2. The first question alone was referred by the Tribunal. The Tribunal declined reference of the other two questions on the ground that they do not arise out of the order of the Tribunal. As far as the third question is concerned, as rightly pointed out by the Tribunal, it does not arise out of the order of the Tribunal because no such question cropped up for discussion nor was there any occasion for considering such question even going by the findings recorded in the assessment order.
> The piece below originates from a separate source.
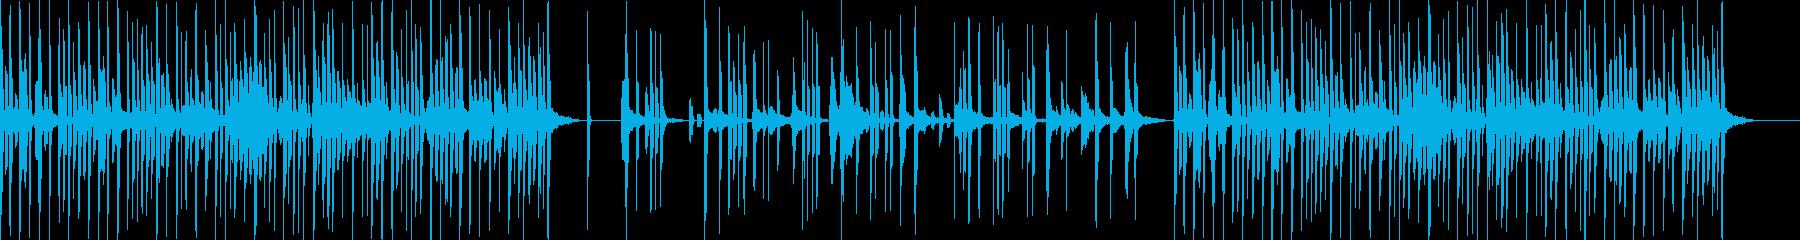 アニメの戦闘シーンBGMですの再生済みの波形

3. Coming to question No. 2, in the assessment order, it is stated that the land and the buildings were not handed over to the University during the relevant year and the assessment, therefore, did not “reach finality”. The Tribunal after adverting to the relevant material in this behalf has recorded a categorical finding that the land and the buildings were in fact handed over to the University during the relevant year. That is purely a finding of fact. The further question whether in the absence of a transfer deed executed and registered, the deduction can be allowed, was not considered by the Income-tax Officer, nor was it raised before the Tribunal. In the circumstances, applying the tests laid down by the Supreme Court in CIT v. Scindia Steam Navigation Co. Ltd. , we are unable to say that question No. 2 arises out of the order of the Tribunal. Learned standing counsel has submitted that the Income-tax Officer only meant that title was not legally transferred during the relevant year and, therefore, the assessee was not entitled to the benefit under section 35(2A) of the Act. It is difficult to agree with this contention. We cannot read some words into the order of the Income-tax Officer. The fact that the argument was not raised in that form by the Departmental representative before the Tribunal to counter the argument of the assessee, reinforces our view that the Income-tax Officer’s finding cannot be read in the light in which learned standing counsel wants us to read it. We, therefore, see no ground to direct reference of the questions Nos. 2 and 3.
4. The I.T.C., is accordingly dismissed. No costs.